---- Supplied information

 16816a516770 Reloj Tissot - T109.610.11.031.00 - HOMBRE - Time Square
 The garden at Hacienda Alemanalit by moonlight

--------
---- Supplied information

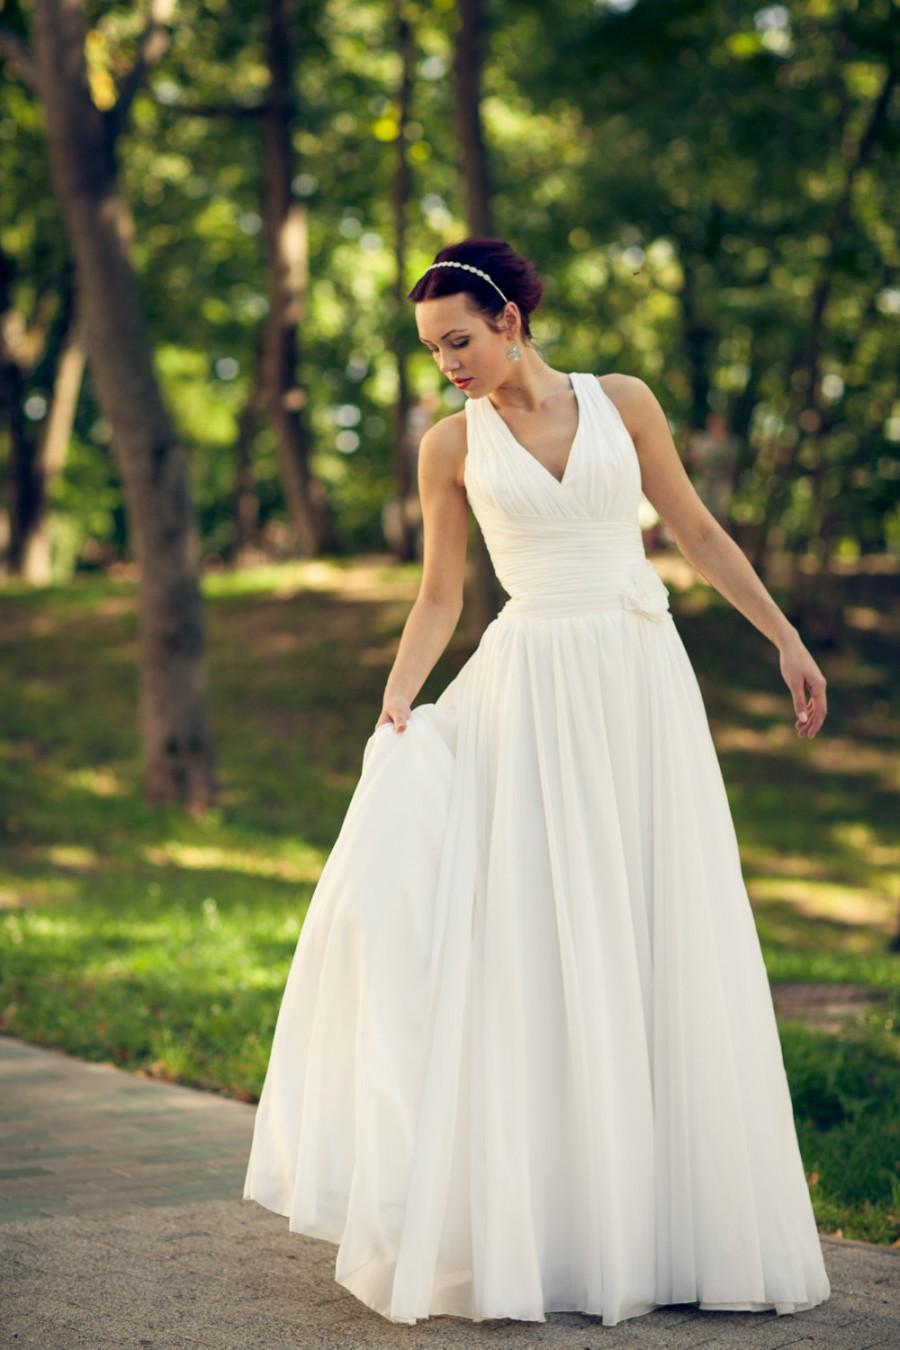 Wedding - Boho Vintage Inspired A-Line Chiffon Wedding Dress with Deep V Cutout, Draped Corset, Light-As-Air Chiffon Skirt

--------
---- Supplied information

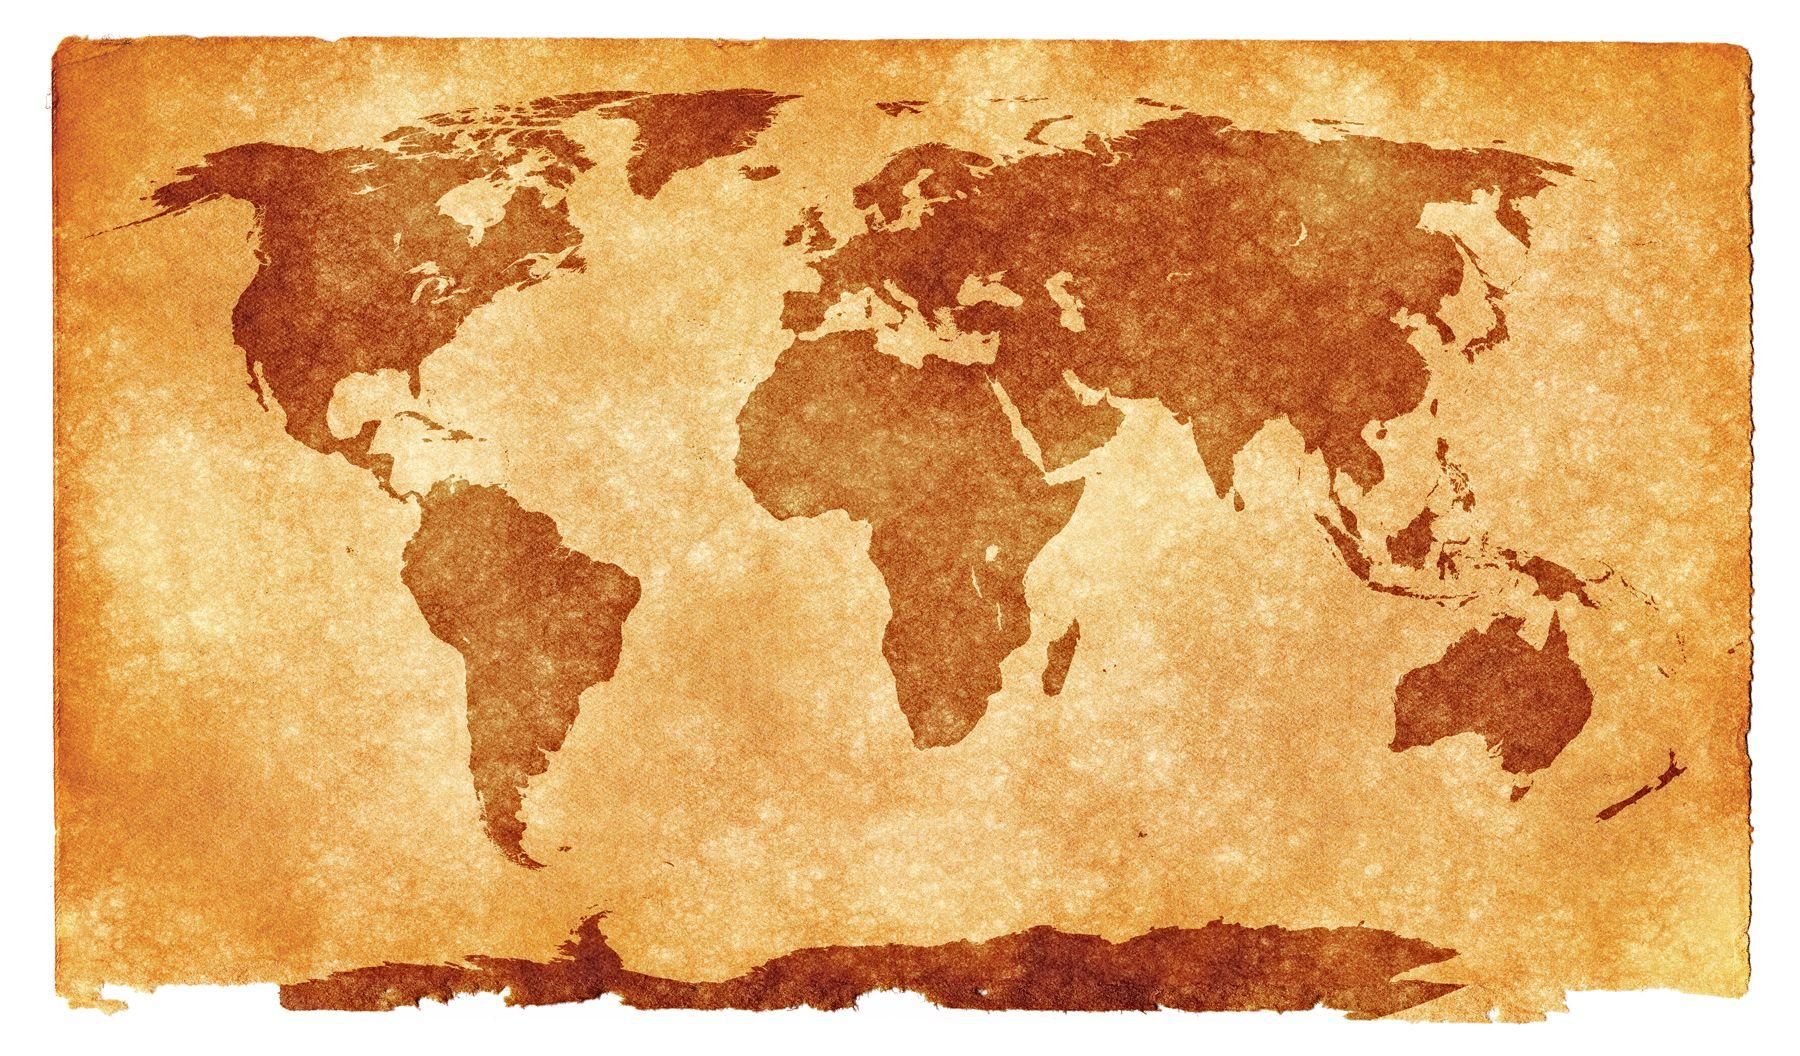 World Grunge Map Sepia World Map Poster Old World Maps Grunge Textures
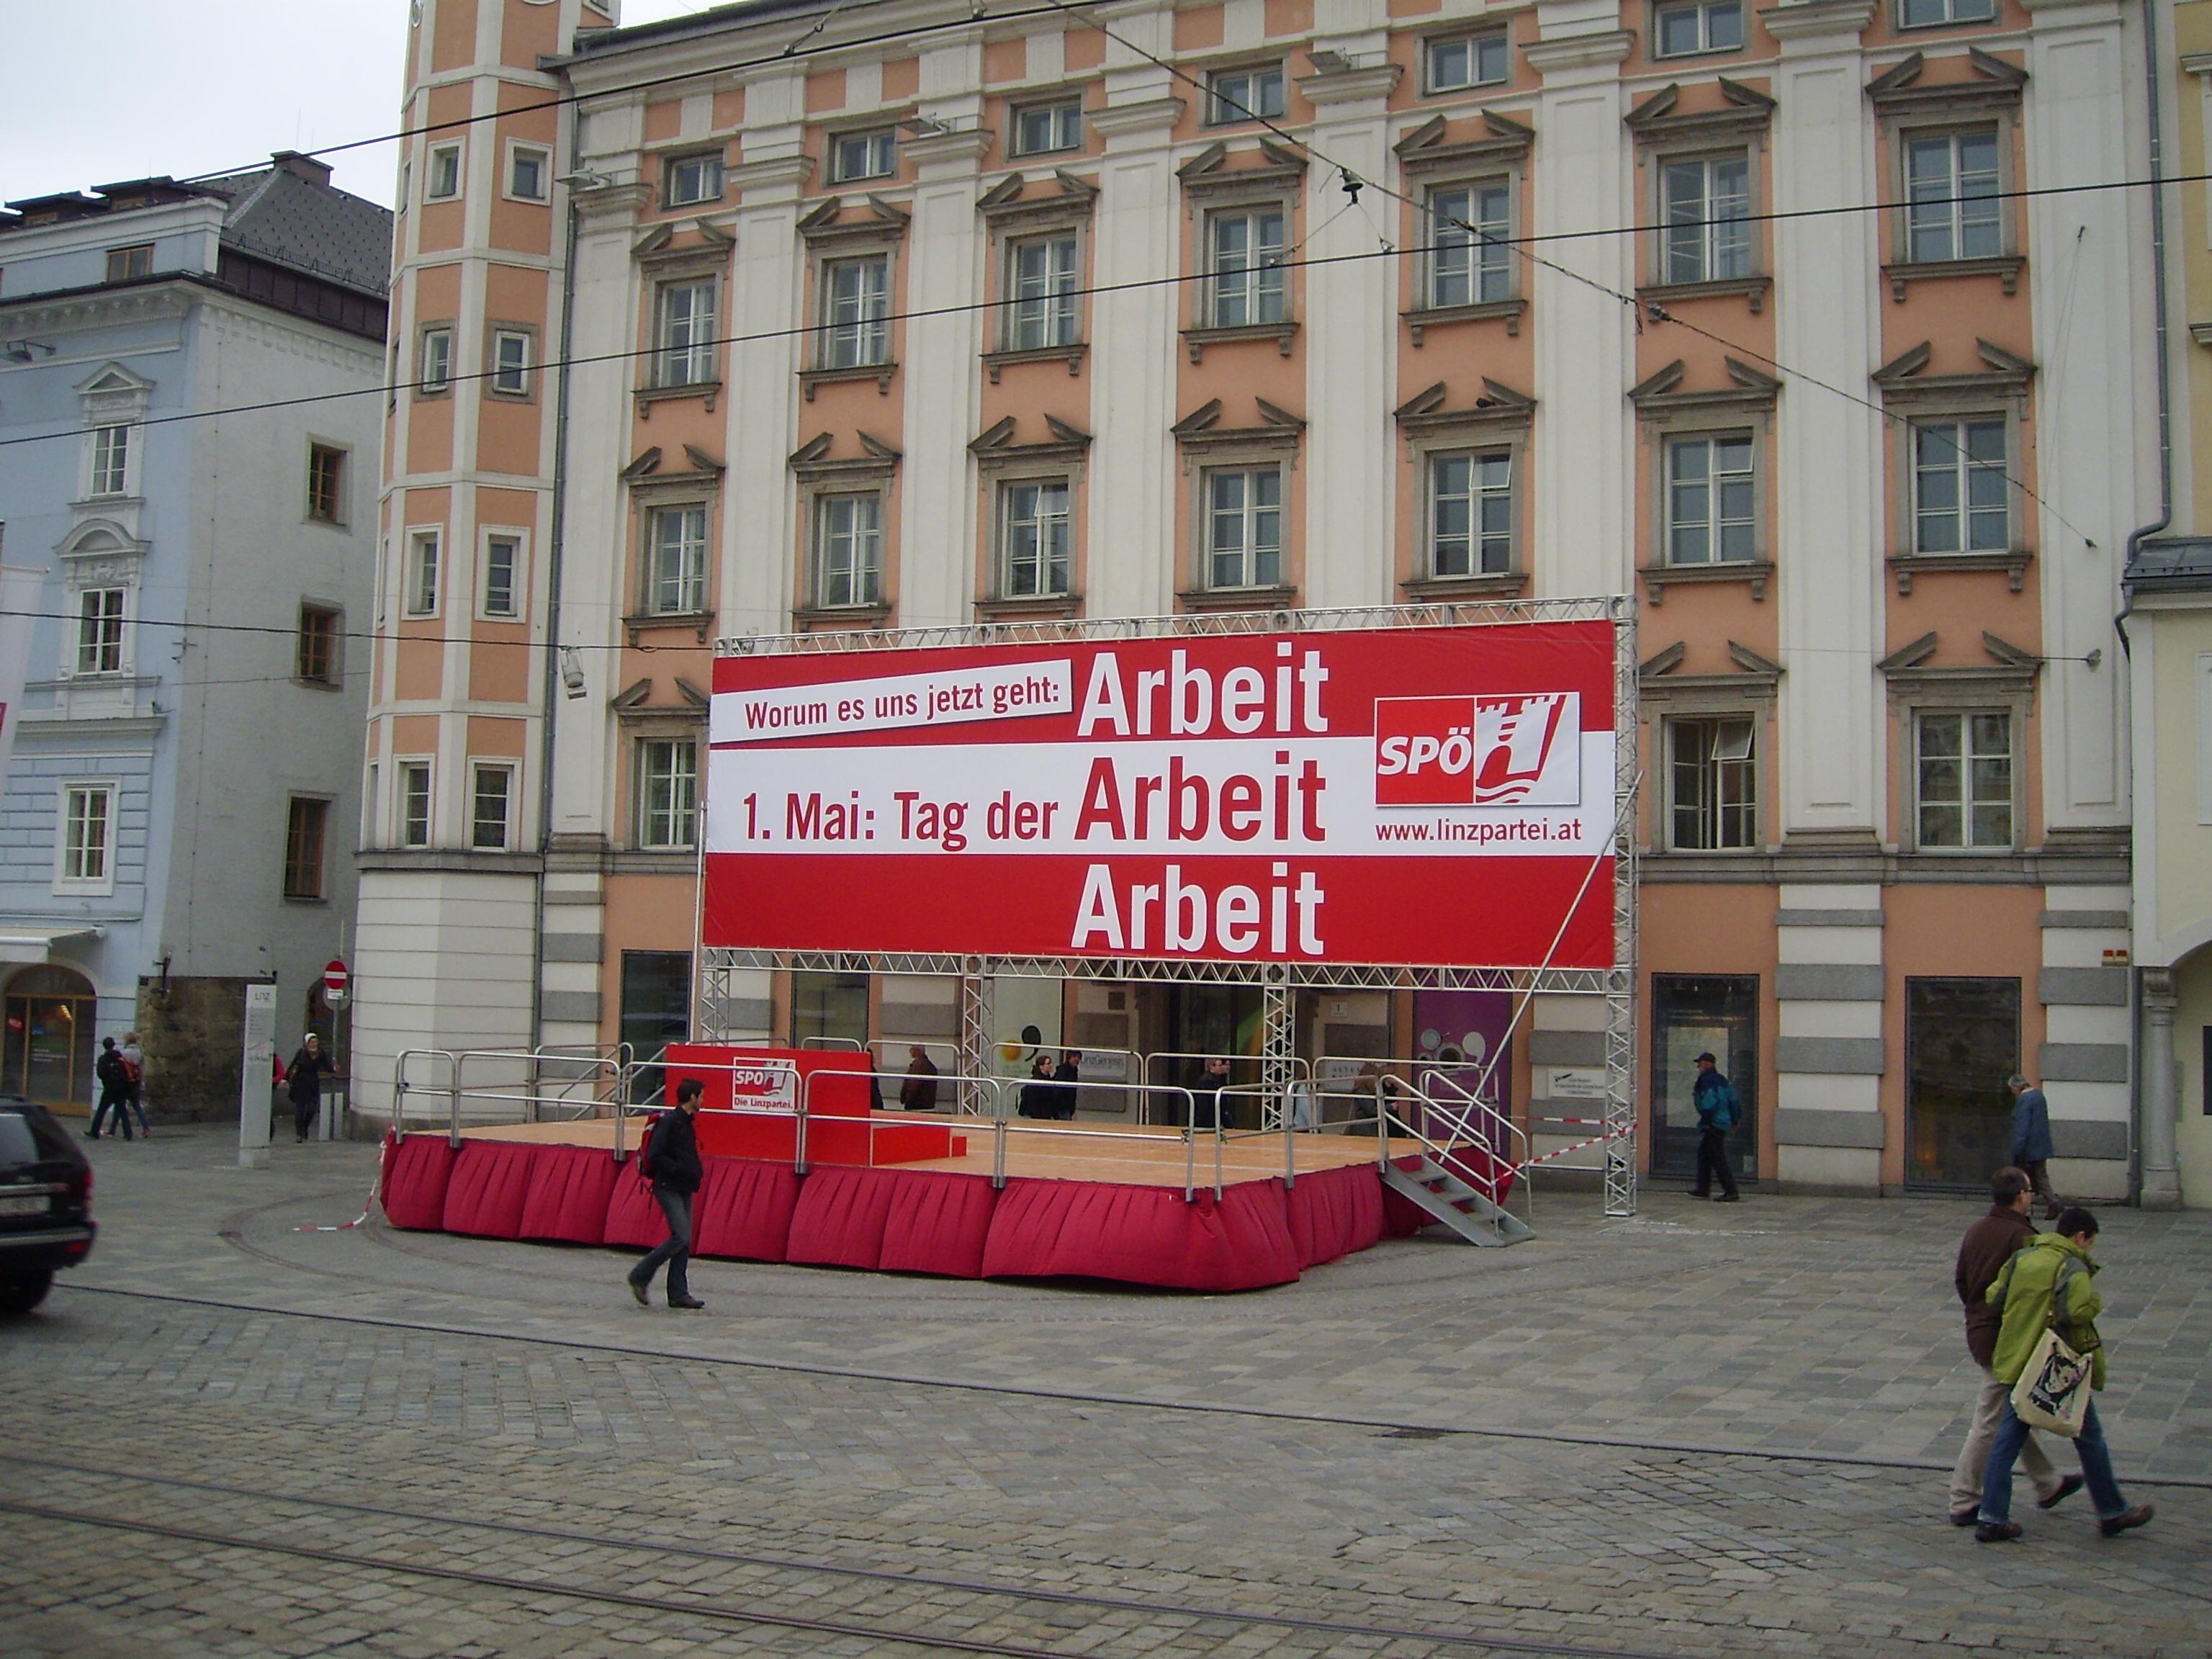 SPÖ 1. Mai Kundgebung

--------

_Task details:_ After locating the line with "16816a516770 Reloj Tissot" above, return that line and every later line through the one with "The garden at", word for word and with nothing else.

_Answer for this exercise:_
 16816a516770 Reloj Tissot - T109.610.11.031.00 - HOMBRE - Time Square
 The garden at Hacienda Alemanalit by moonlight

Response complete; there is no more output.